Since its origin as a joke in 2013, Dogecoin has found itself a rising, memetic star in the world of cryptocurrency. Boasting the undying love of Elon Musk and a market cap of an estimated $54 billion dollars, surpassing several well-established companies including Philips, eBay, Ferrari, and even Twitter, according to a recent report from Forbes, Doge has become a crypto staple, revered by some finance enthusiasts.

Yet even with this astounding success and the unwavering support of the Tesla CEO, who has been known to send stock prices skyrocketing with a single tweet, not everyone is feeling “very wow” about the crypto. Earlier this week, one tech icon took to social media to speak out against the meme-tastic currency and boldly compare crypto as a whole to a Ponzi scheme – the co-founder of Dogecoin himself, Jackson Palmer. His thesis? Rich people ruin everything, even the crypto he helped invent.

“After years of studying it, I believe that cryptocurrency is an inherently right-wing, hyper-capitalistic technology built primarily to amplify the wealth of its proponents through a combination of tax avoidance, diminished regulatory oversight and artificially enforced scarcity,” wrote Palmer on Wednesday as a part of a broader thread dissecting why he would not be returning to crypto. 

Part of this problem, he argues, is because the industry is full of rich people and is “controlled by a powerful cartel of wealthy figures,” as Palmer calls them. Despite claiming crypto is decentralized, he asserts, these wealthy people “have evolved to incorporate many of the same institutions tied to the existing centralized financial system they supposedly set out to replace.”

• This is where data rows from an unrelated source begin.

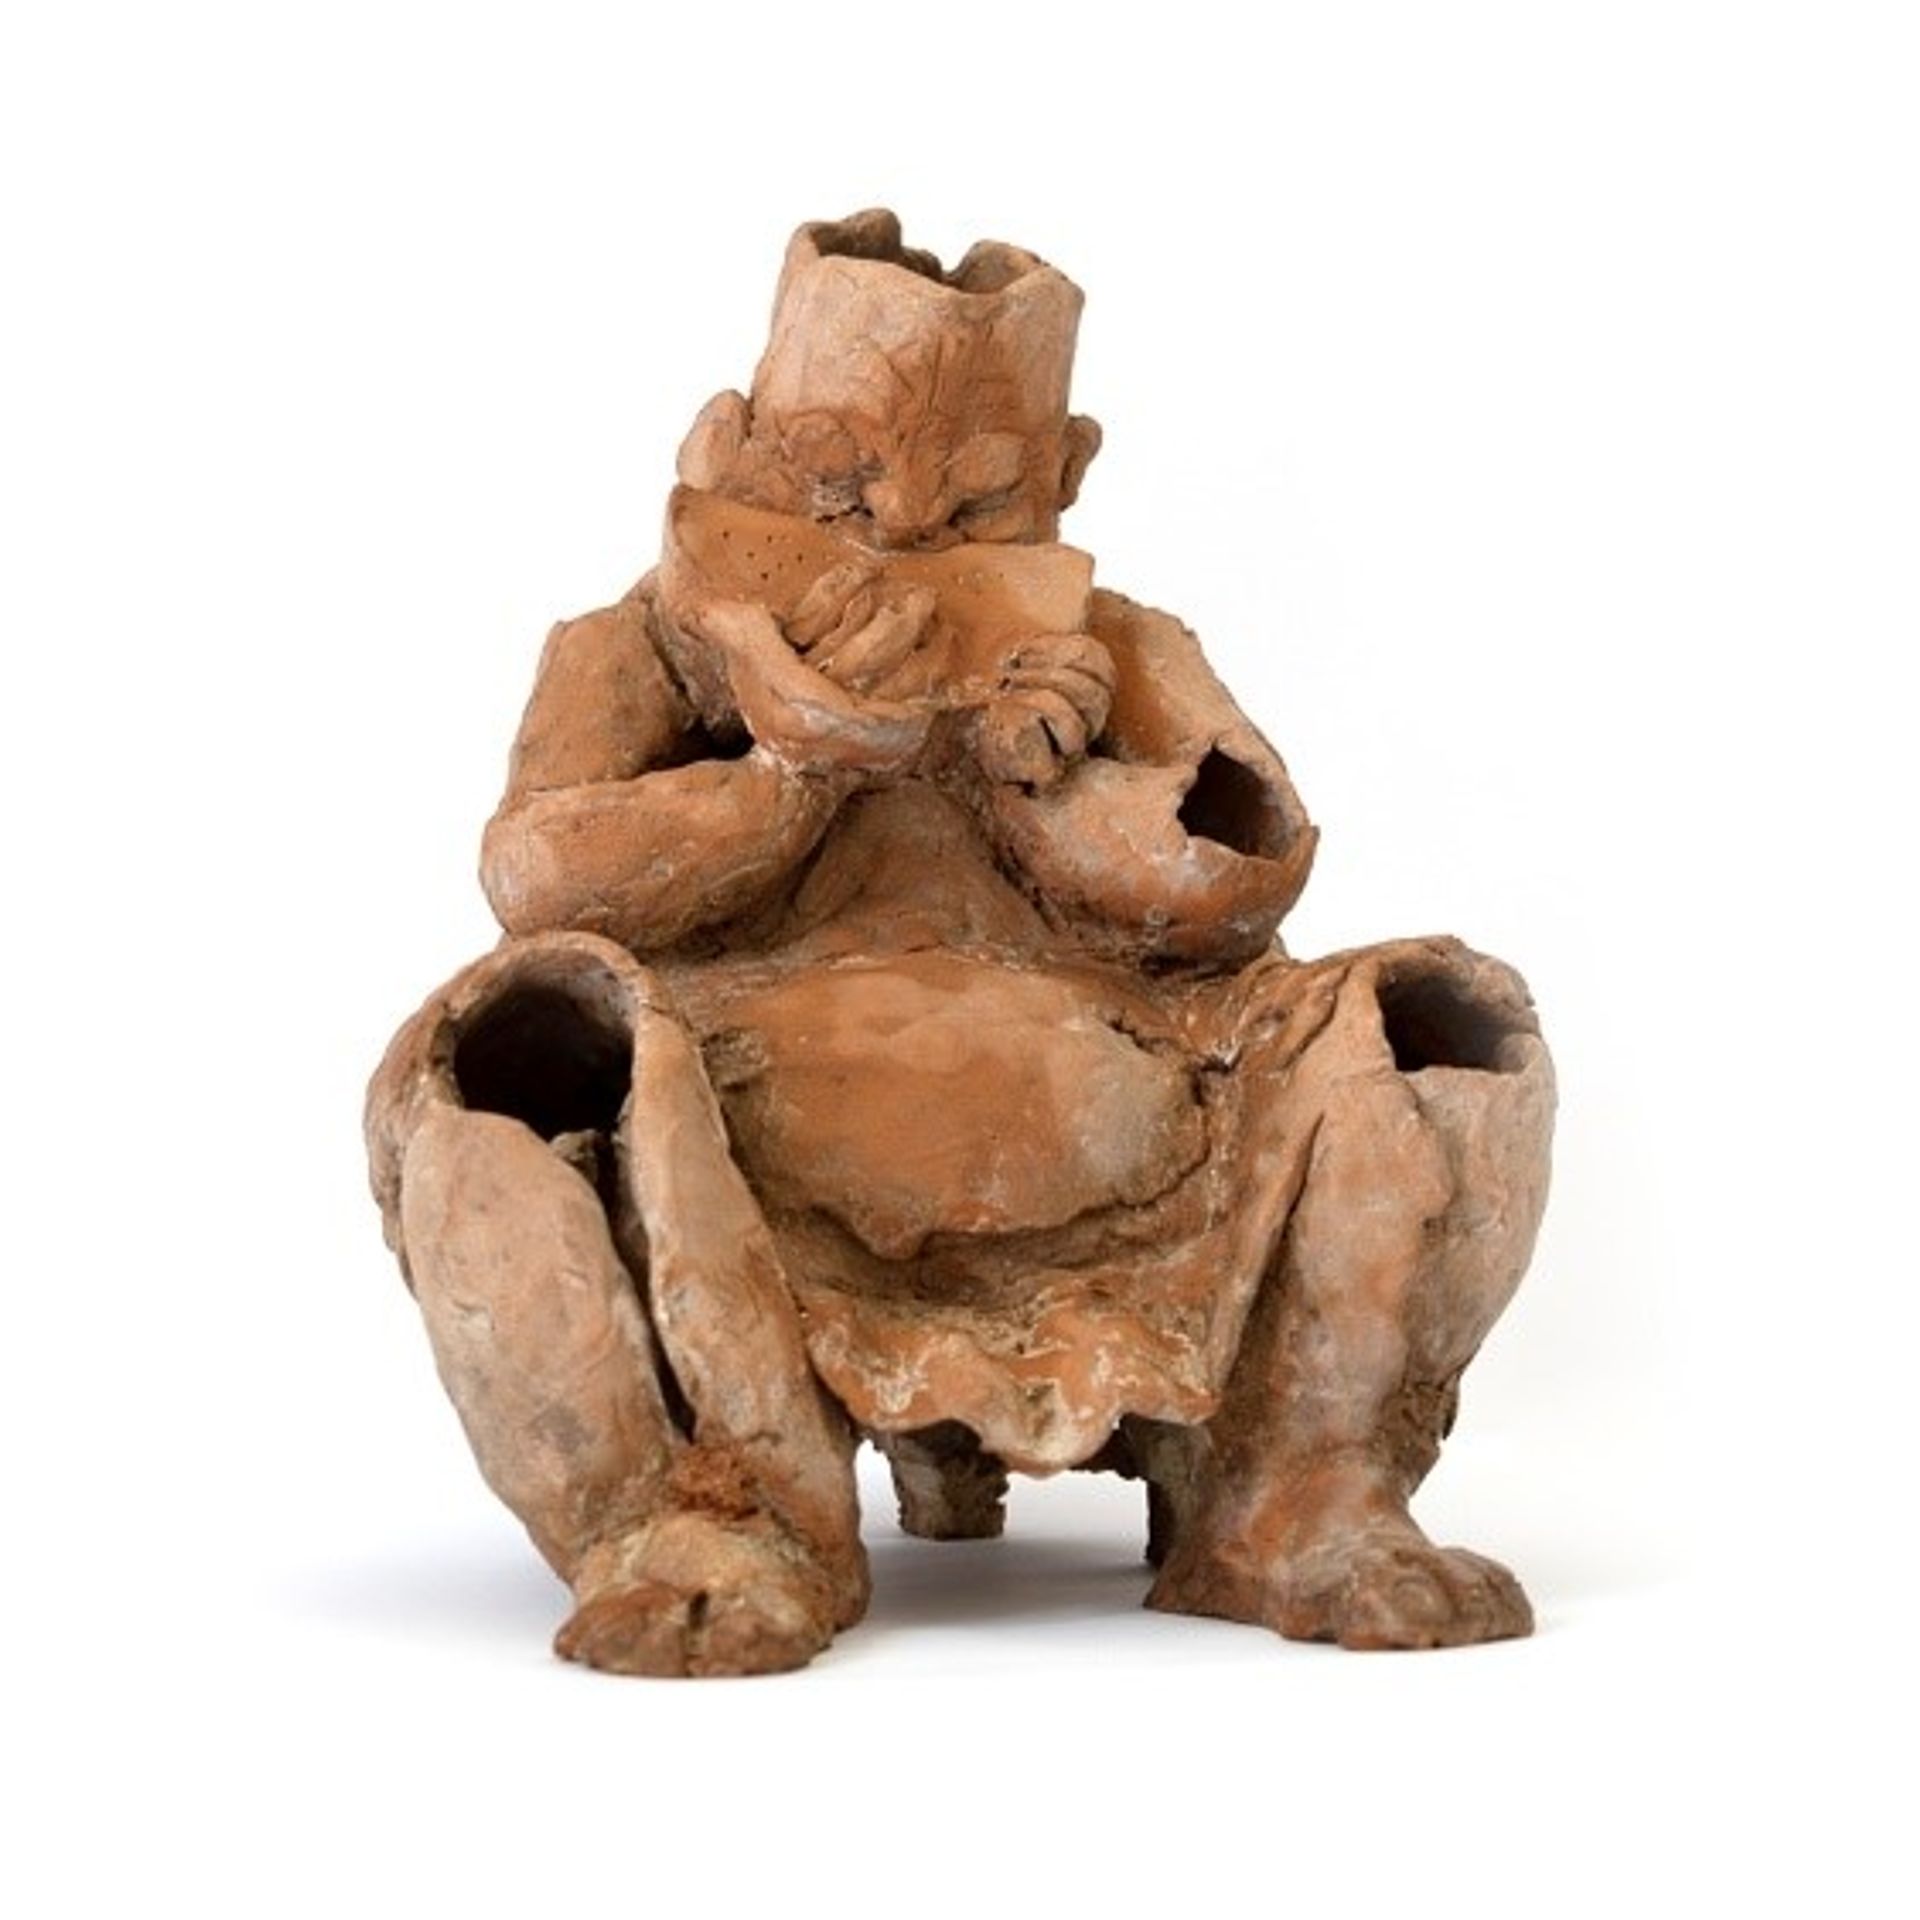 סגנון הפיסול של גוטמן מדגיש את נפחיות הגוף ומתאר דמויות גשמיות ואורגניות 

צילום: מוזיאון נחום גוטמן
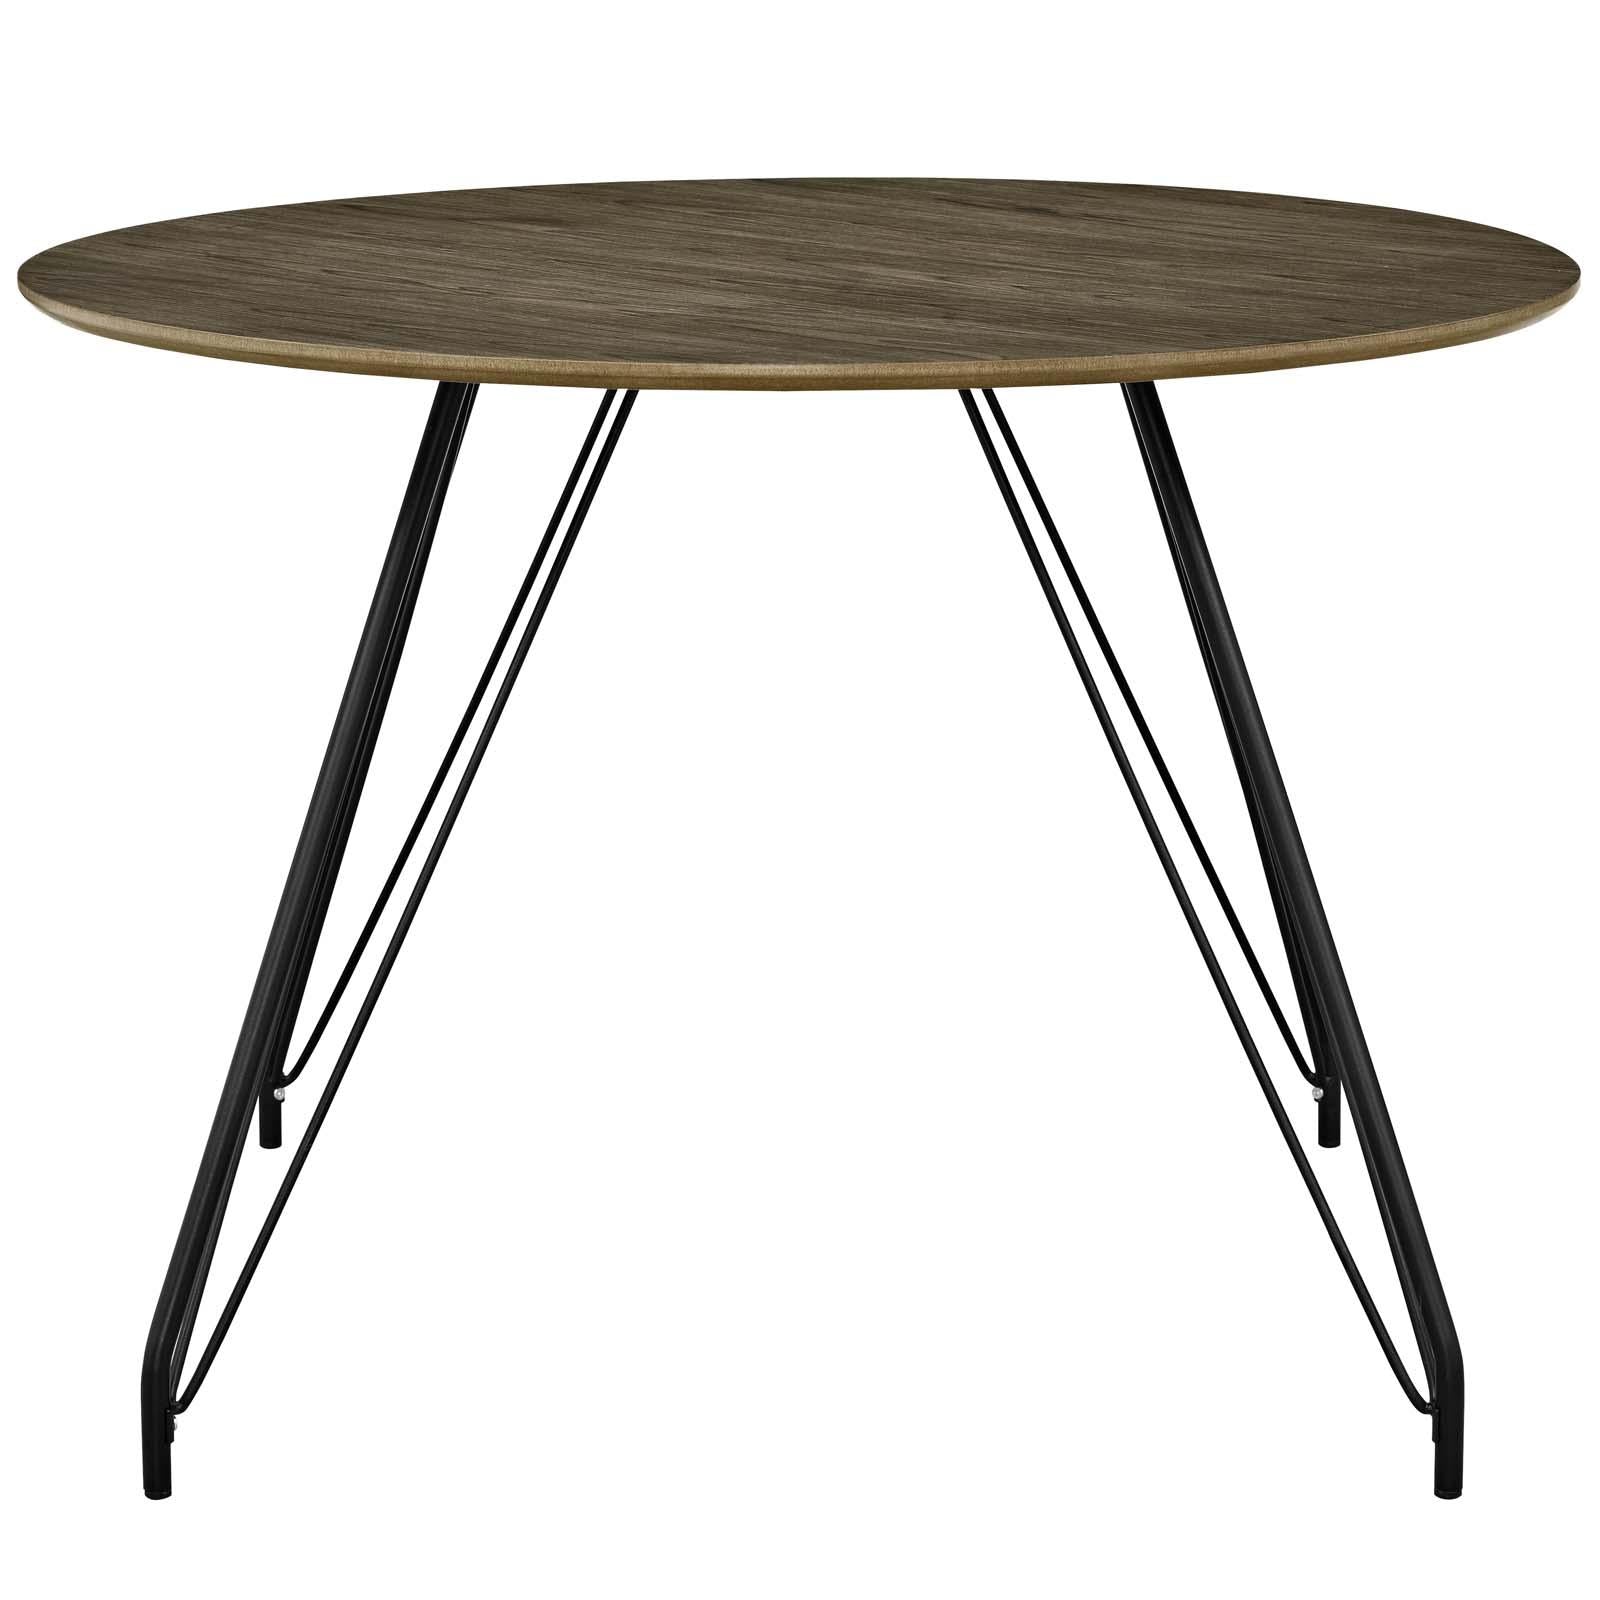 Modway Furniture Modern Satellite Circular Dining Table - EEI-2670
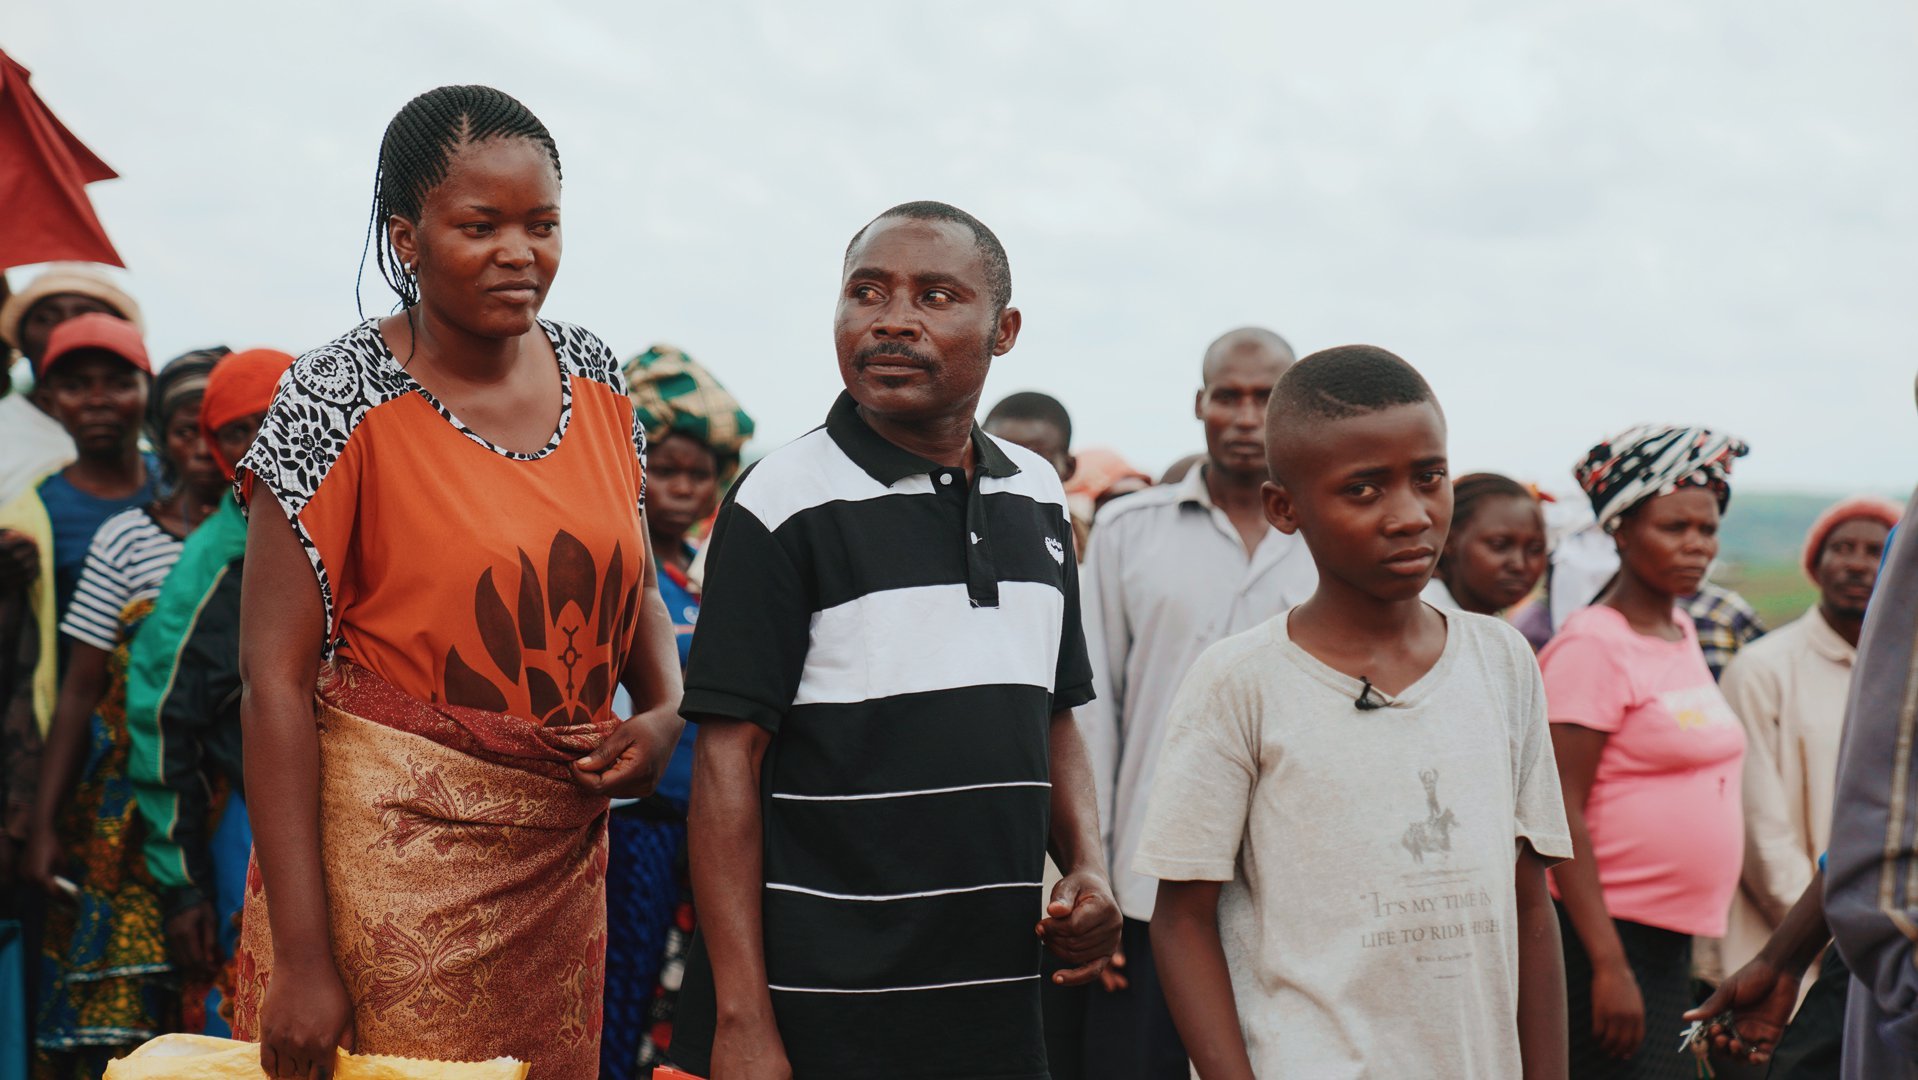 Nelson en zijn ouders in een vluchtelingenkamp in Oeganda - krijgen hulp van War Child

“The cryptocurrency industry leverages a network of shady business connections, bought influencers and pay-for-play media outlets to perpetuate a cult-like ‘get rich quick’ funnel designed to extract new money from the financially desperate and naive,” he elaborated in a later post. While he acknowledged that these types of financial dealings have existed for quite some time, he says that cryptocurrency is different, as it “is almost purpose [sic] built to make the funnel of profiteering more efficient for those at the top and less safeguarded for the vulnerable.”

“Cryptocurrency is like taking the worst parts of today’s capitalist system (eg. corruption, fraud, inequality) and using software to technically limit the use of interventions (eg. audits, regulation, taxation) which serve as protections or safety nets for the average person,” he continued.